A water trough is 5 m long and has a cross-section in the shape of an isosceles trapezoid that is 30 cm wide at the bottom, 70 cm wide at the top, and has height 40 cm. If the trough is being filled with water at the rate of 0.1 m3/min how fast is the water level rising when the water is 20 cm deep?
Q = incoming flow rate = .1 m^3/min
dh/ dt = Q A
where
A = surface area
= length * width at 20 cm depth which depth is (1/2) height
width = 30 + 1/2(70-30) = 30+20 = 50 cm = .5 m wide water surface
so
A = 5 * .50 =2.5 m^3
so finally
dh/dt = .1 * 2.5 = .25 m/min = 25 cm/min
when the water has depth x, the cross-section is a trapezoid with bases
30 and 30+x. So the volume of water at depth x is
v = (60+x)/2 * x * 500 cm^3
= 250x^2 + 15000x
so, knowing that
dv/dt = (500x + 15000) dx/dt
just solve that for dx/dt when x=20
LOL - Guess which of us is the mathematician and which is the Engineer :)
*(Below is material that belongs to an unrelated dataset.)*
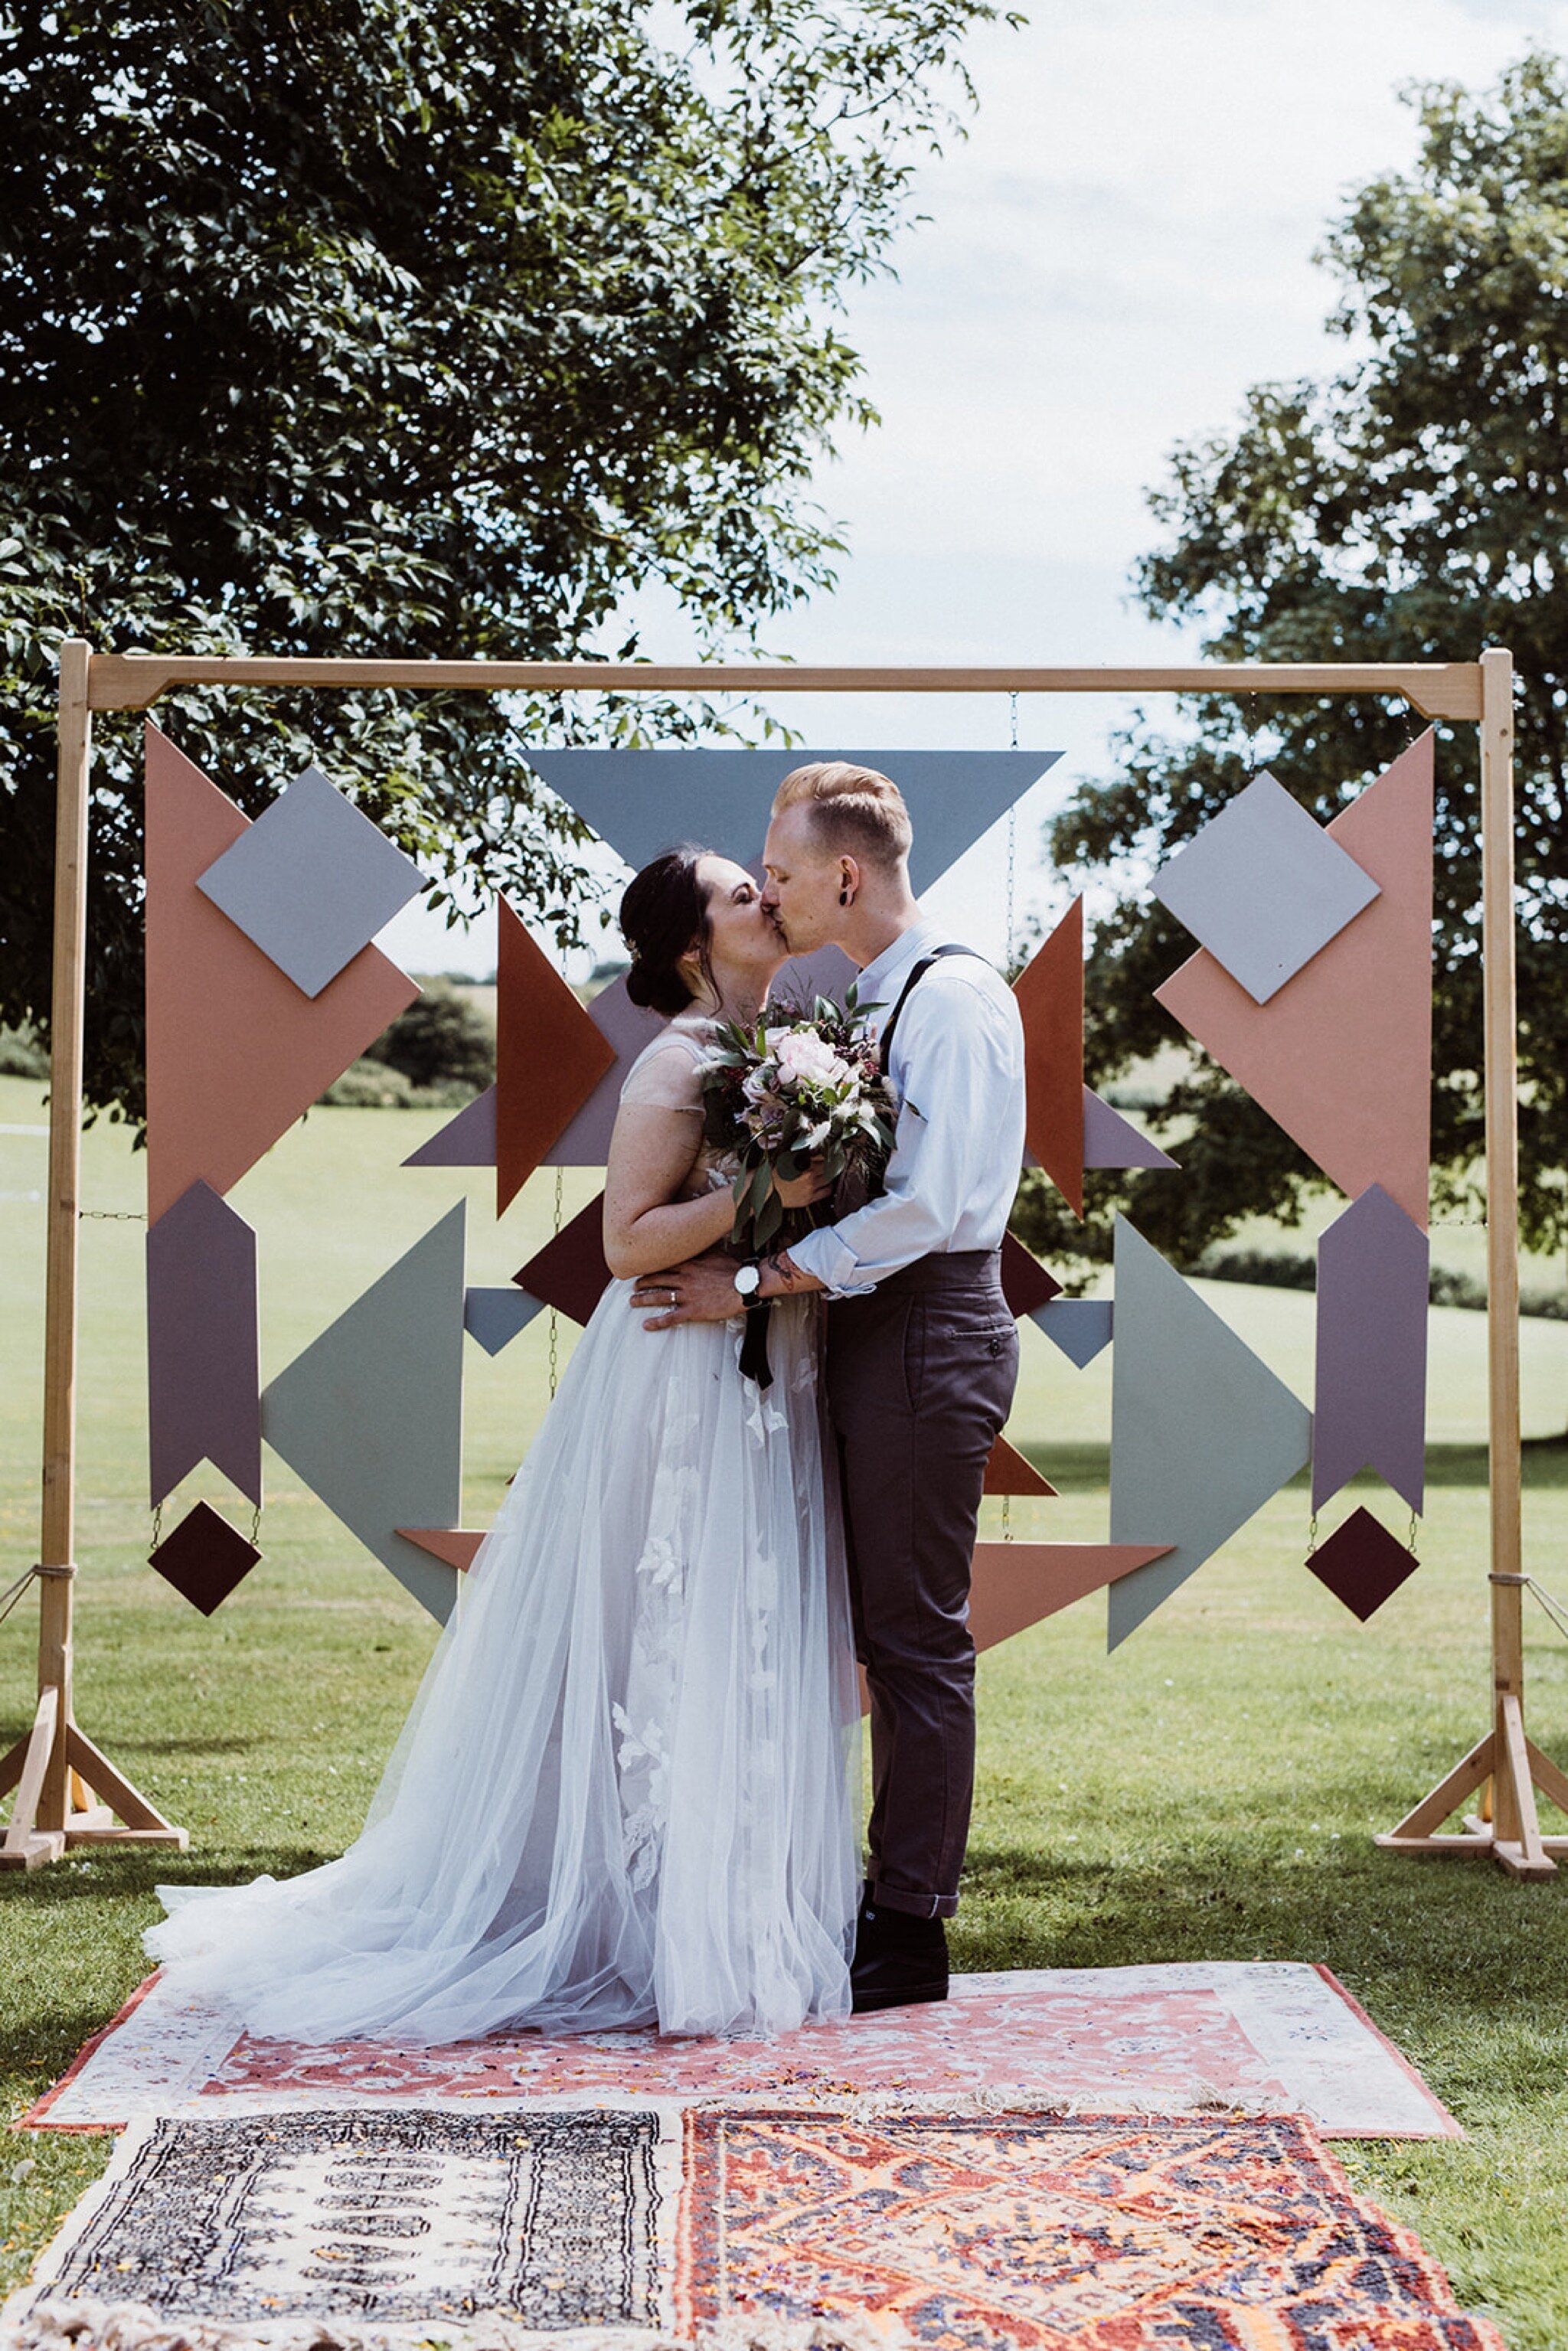 18_V+D Wedding-385_Bride and groom kissing in front of geometric wedding arch Summer outdoor humanist wedding ceremony..jpg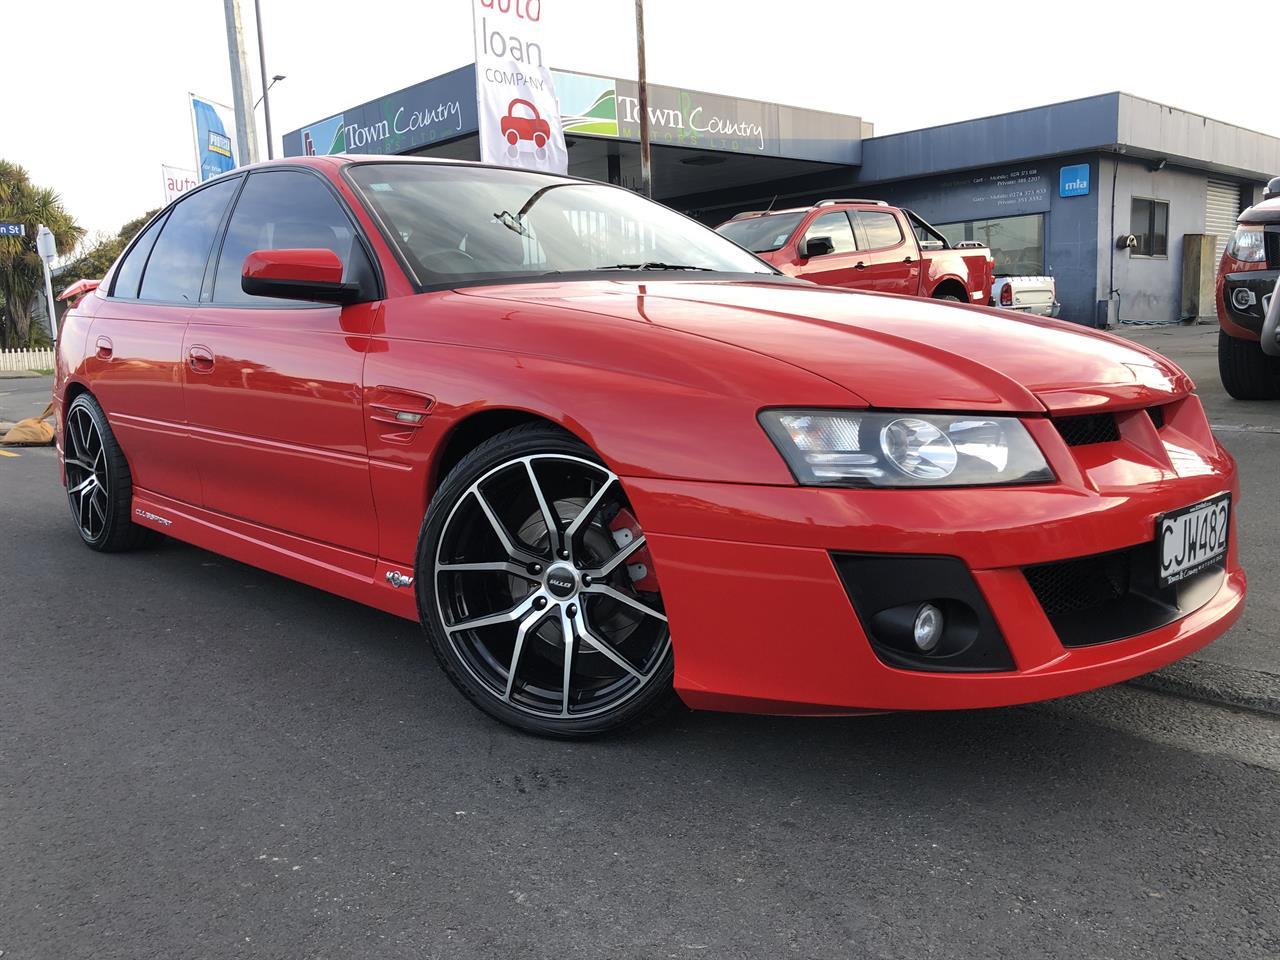 04 Holden Hsv Clubsport Vz Ls2 6 0l For Sale In Christchurch

To find the rate at which the water level is rising, we need to determine the derivative of the water level with respect to time.
Let's first define the variables:
- Length of the water trough (L) = 5 m
- Width of the bottom of the trapezoid (b1) = 30 cm = 0.3 m
- Width of the top of the trapezoid (b2) = 70 cm = 0.7 m
- Height of the trapezoid (h) = 40 cm = 0.4 m
- Rate of water flow (dV/dt) = 0.1 m^3/min (given)
- Depth of the water (y) = 20 cm = 0.2 m (this is what we want to find)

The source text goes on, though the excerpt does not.